**GIVEN INFORMATION**
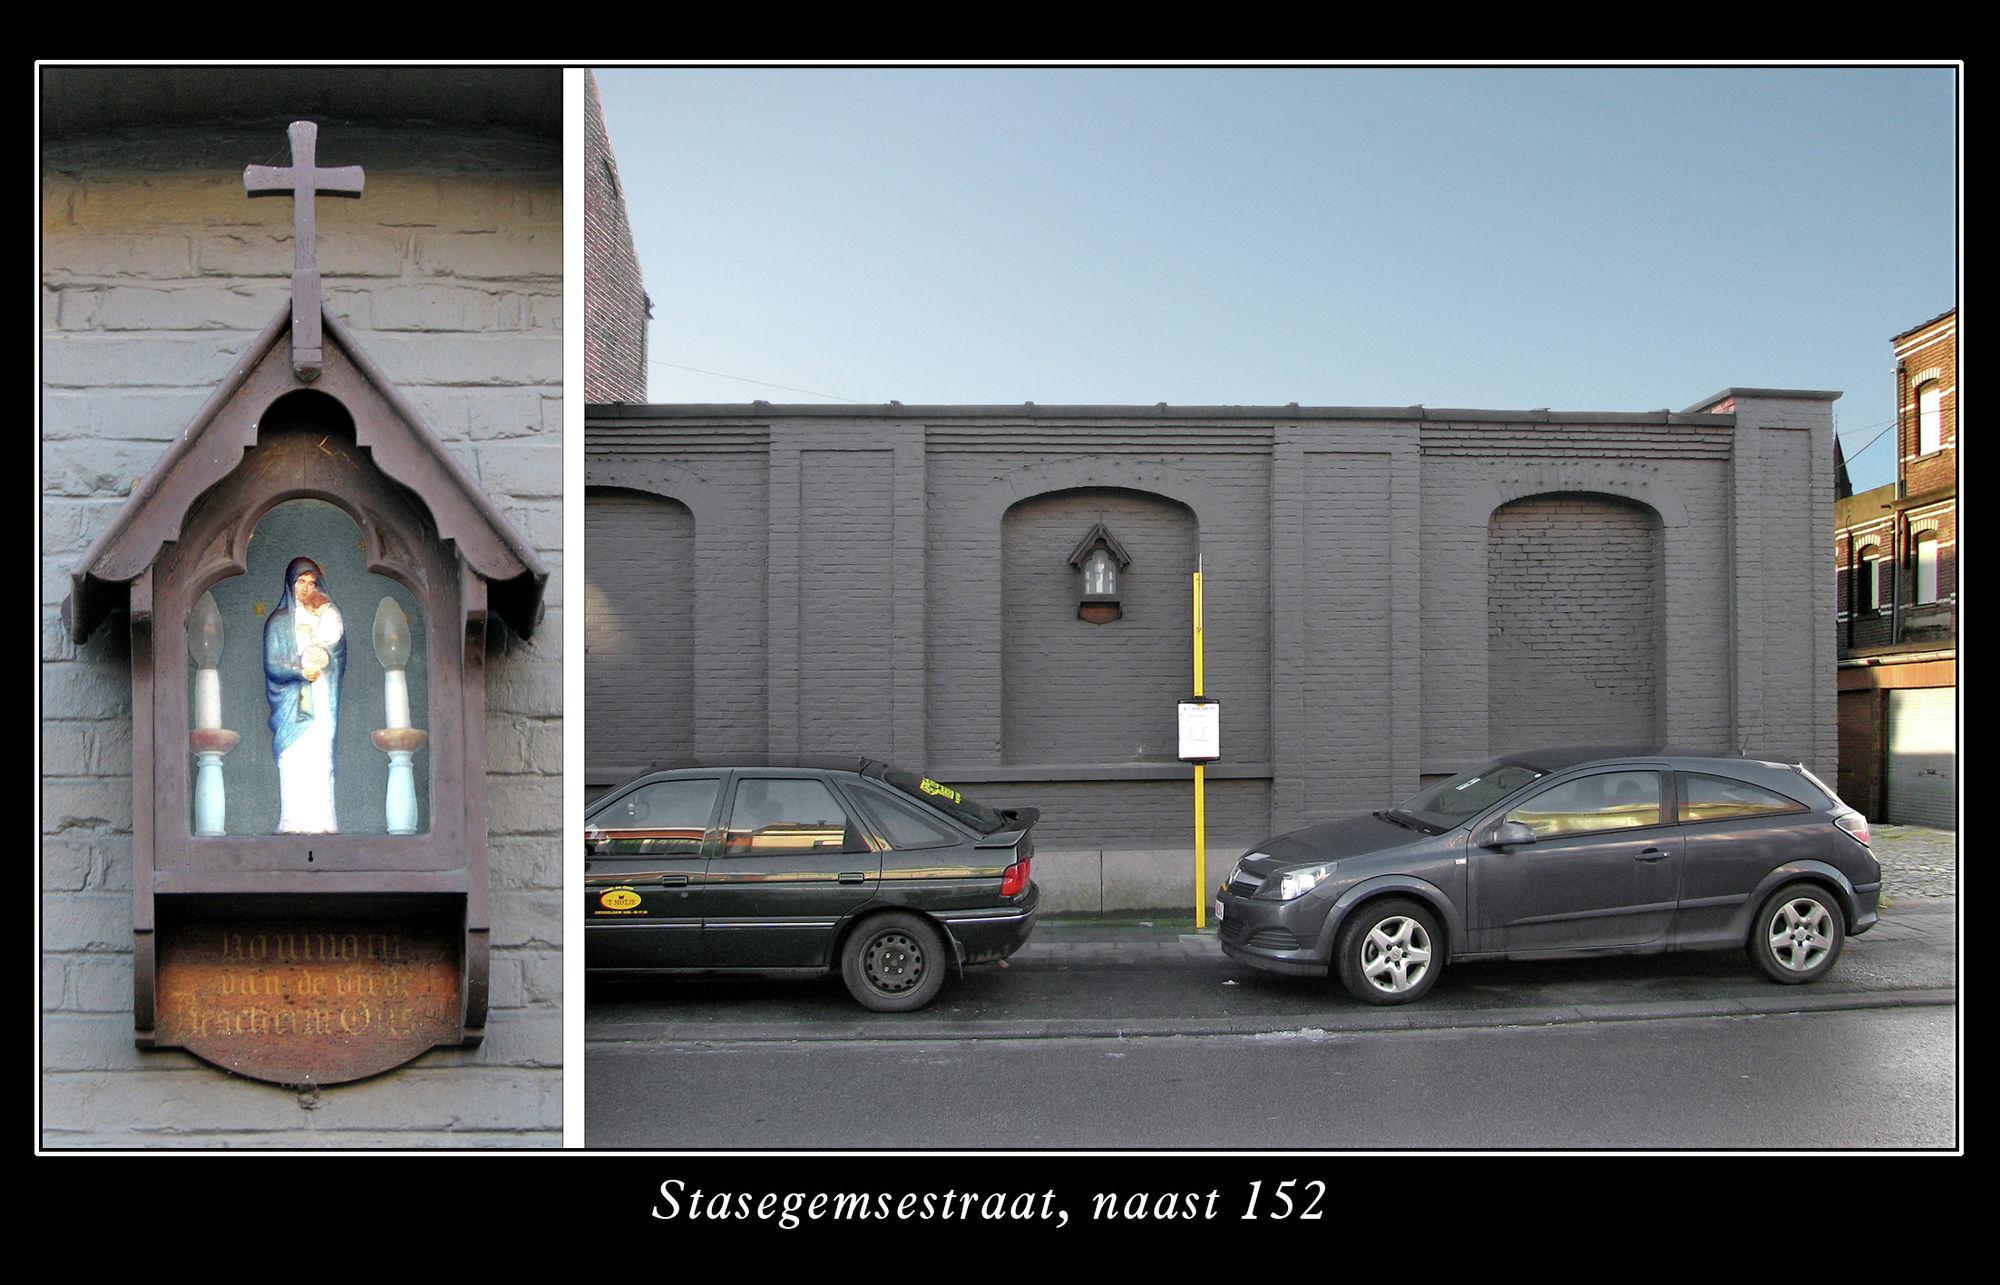 Stasegemsestraat
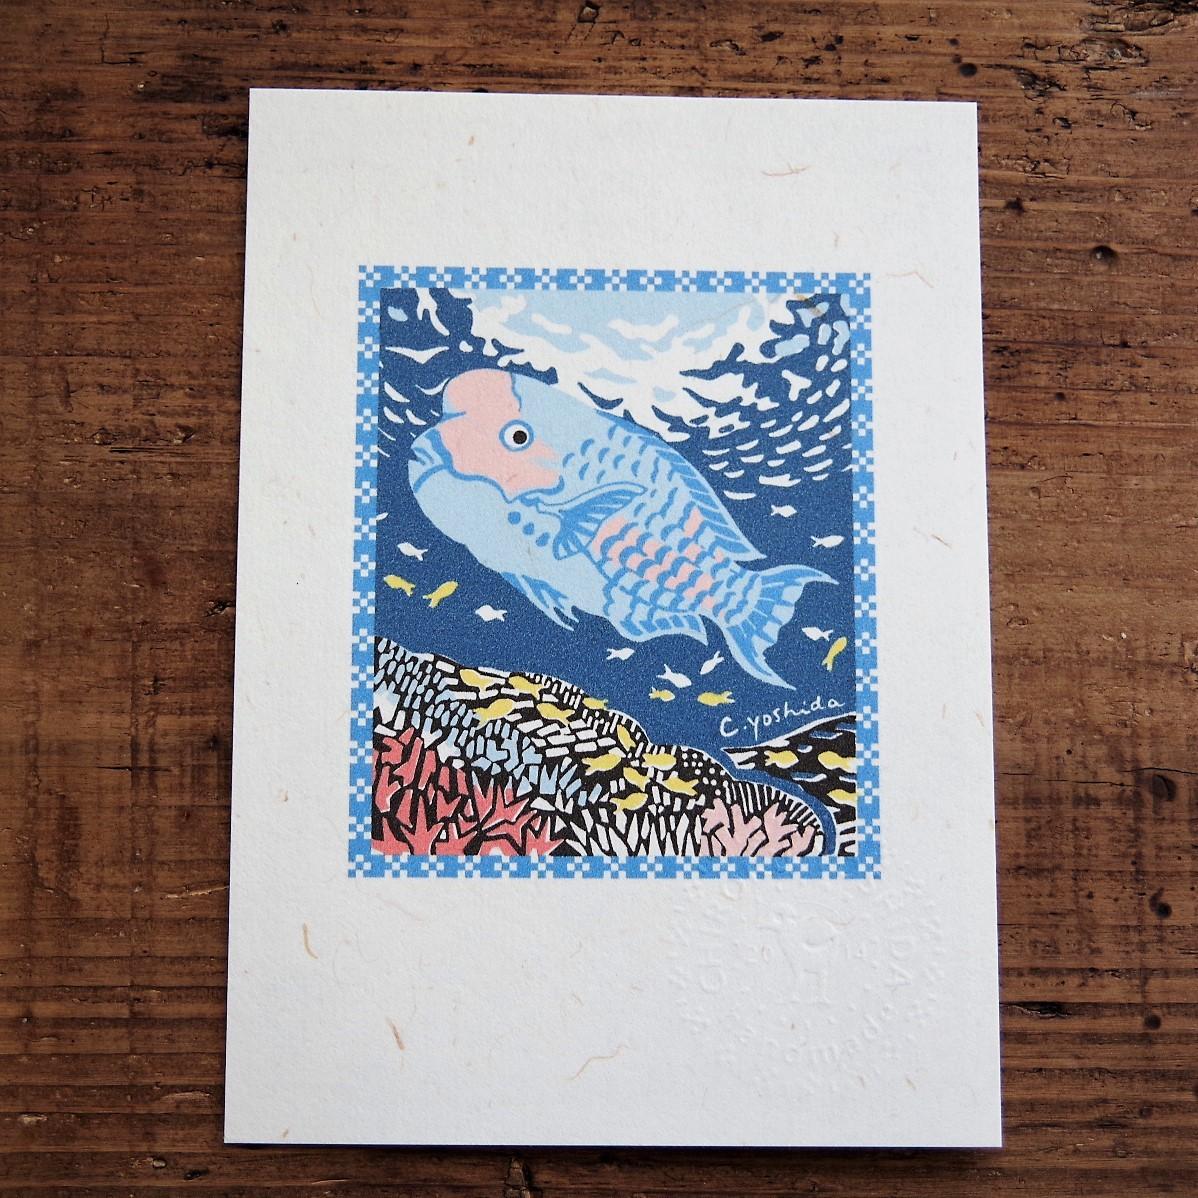 【Yoshida Chiroru】琉球ポストカード イラブチャーと珊瑚の海
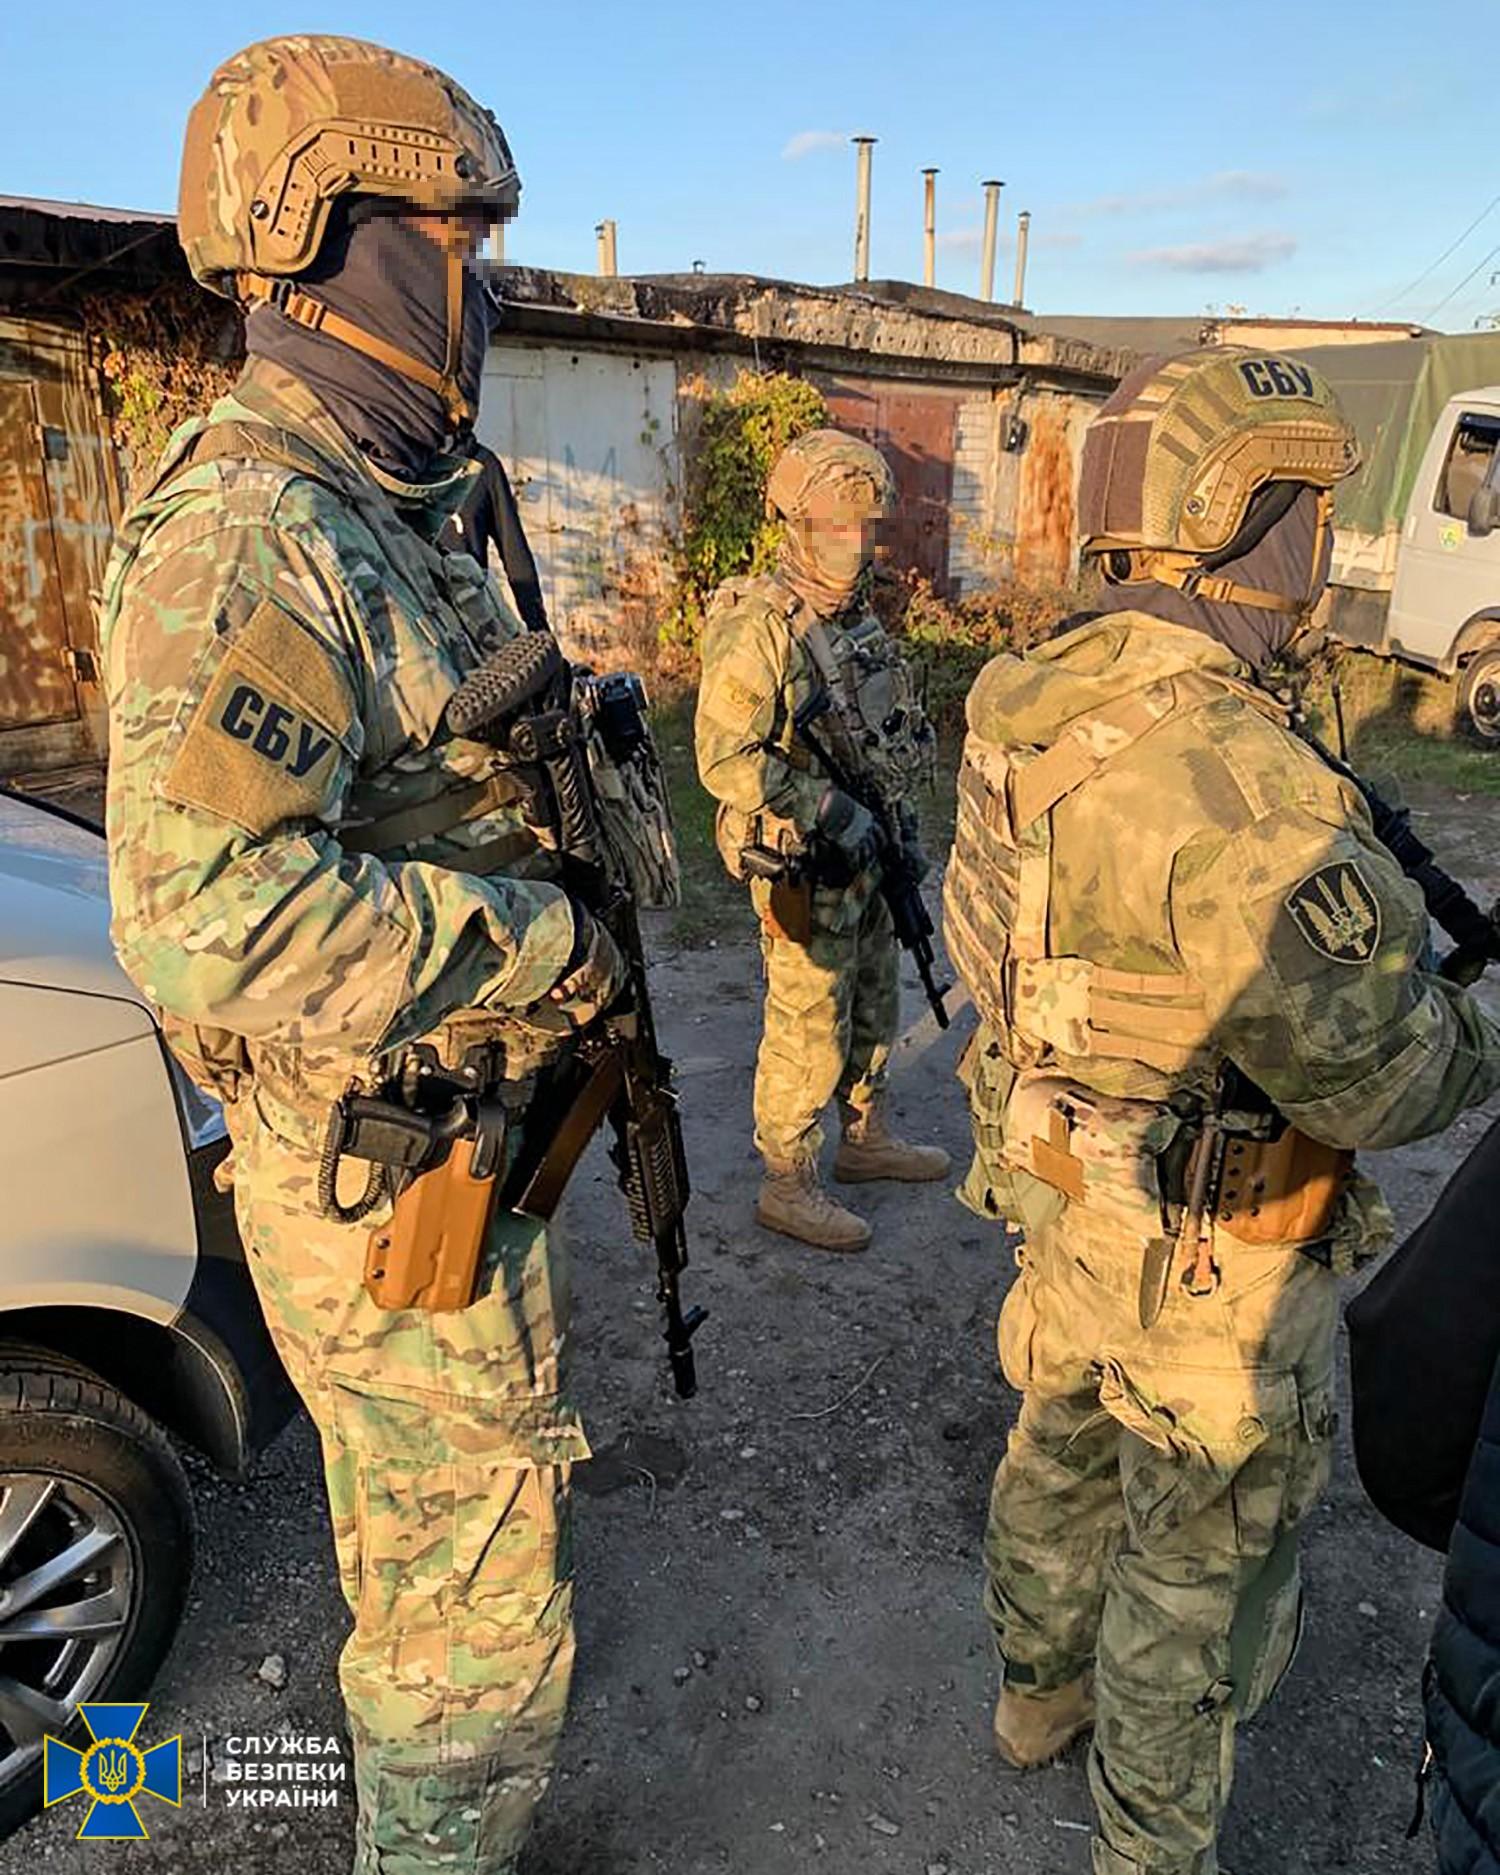 Український чиновник попався на продажу запчастин для військової техніки в РФ

**WORK TO COMPLETE**
Please copy the lines above exactly as written, apart from any pictures.

**REPLY**
 Stasegemsestraat
 【Yoshida Chiroru】琉球ポストカード イラブチャーと珊瑚の海
 Український чиновник попався на продажу запчастин для військової техніки в РФ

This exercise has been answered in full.